Neues T-Shirt – gleich in den Müll
Kleidung, Modeaccessoires und Schuhe dürfen in der EU nicht mehr fabrikneu vernichtet werden. Wie groß ist dieses Problem denn?

Hier finden Sie unseren neuen Podcast „Was zählt“, der das Wichtigste des Tages für Sie jetzt auch zum Hören aufbereitet. Er ist auch auf Spotify, Amazon Music, Deezer und Apple Podcasts abrufbar.
Liebe Leserinnen und Leser,
vor ein paar Jahren, als ich noch als Reporterin unterwegs war, habe ich mich mal für ein paar Monate in die Fast-Fashion-Industrie eingegraben. Es ging um die H&Ms, Zaras und Primarks dieser Welt und um den Amazon-Versandhandel – die ganzen chinesischen Anbieter wie Temu und Shein mit ihrer unfassbaren Textilschwemme gab es damals noch gar nicht.

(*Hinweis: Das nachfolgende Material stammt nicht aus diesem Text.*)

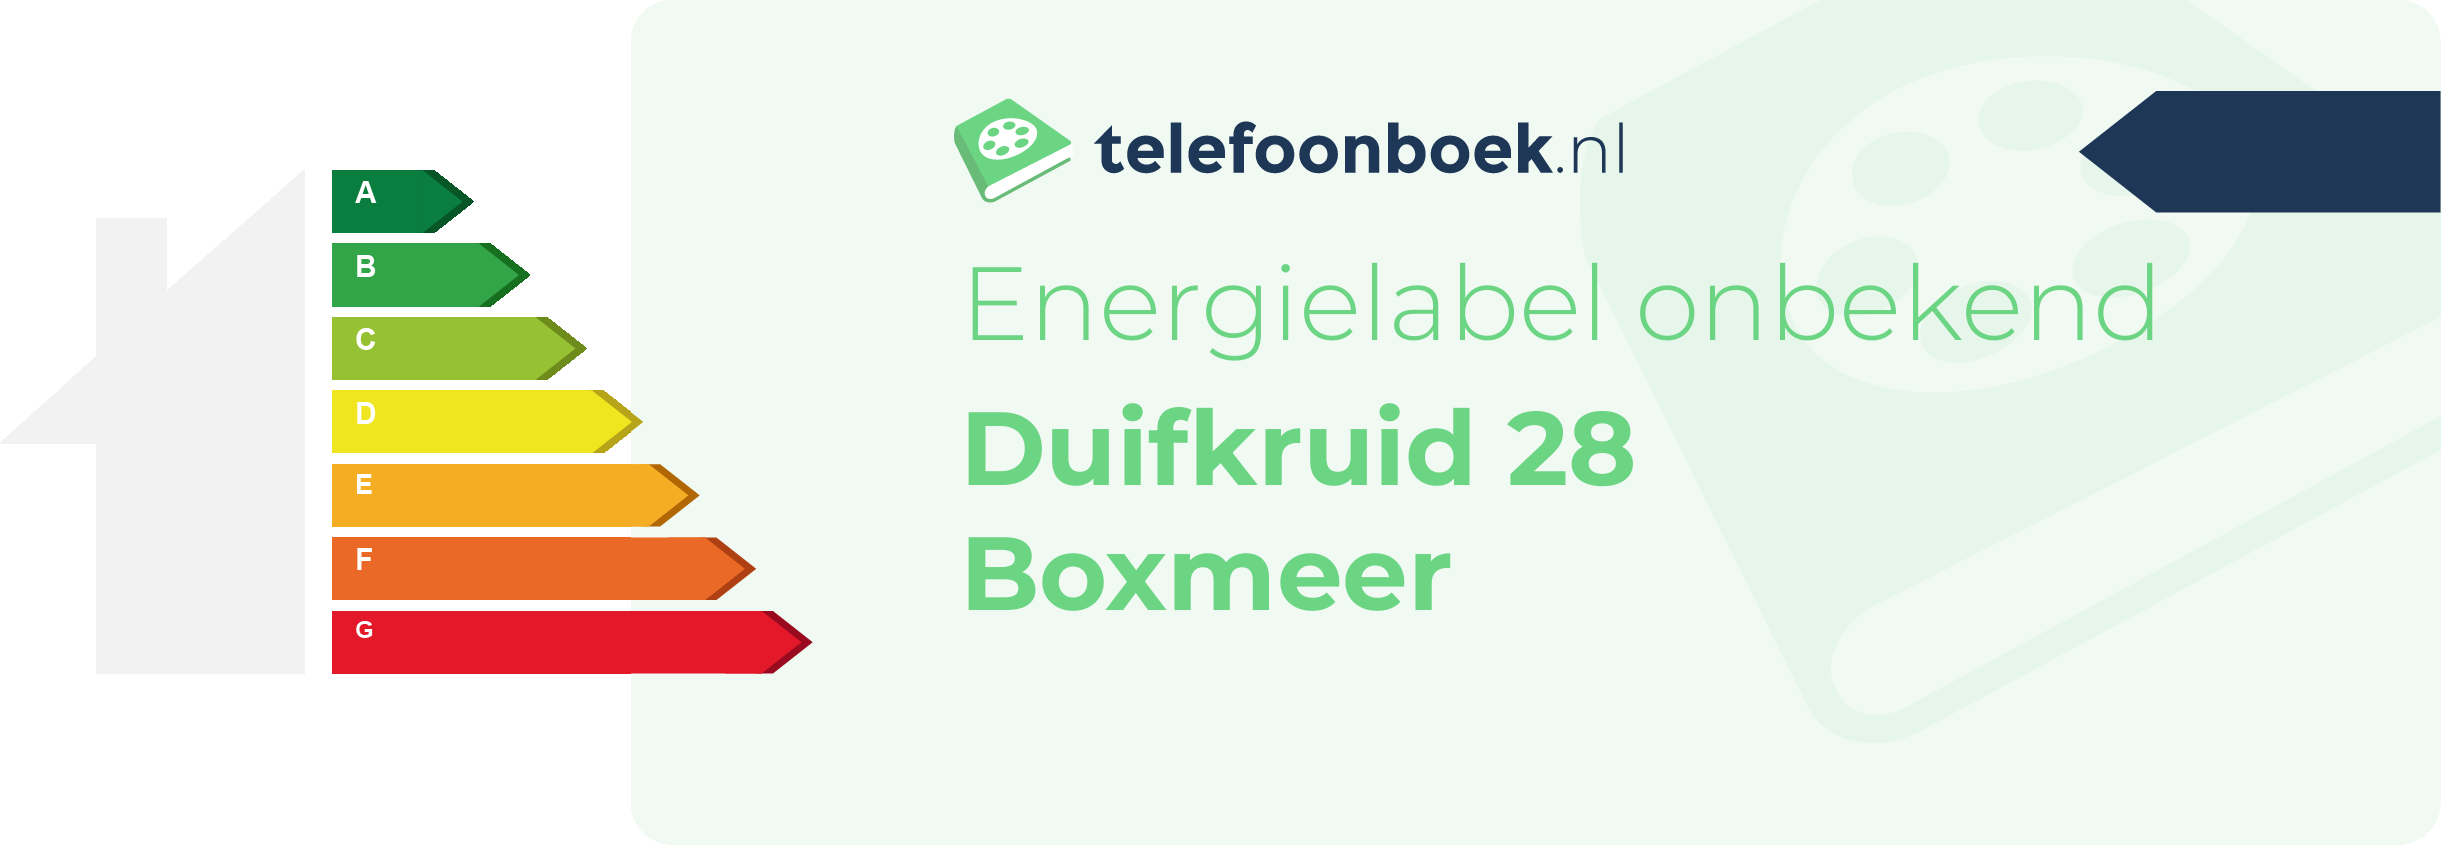 Energielabel Duifkruid 28 Boxmeer

Und dennoch war Wegwerf-Mode schon damals eine riesige Umweltsauerei, was mir erst durch die Recherche klar wurde. Ich verfolgte damals den Weg eines Mantels von der Fabrik über die Zara-Filiale, wo er keinen Abnehmer fand, in die Retouren-Abteilung – und schlussendlich bis zu einer Müllverbrennungsanlage, in der das fabrikneue Kleidungsstück der „thermischen Verwertung“ zugeführt wurde, wie man so schön euphemistisch sagt.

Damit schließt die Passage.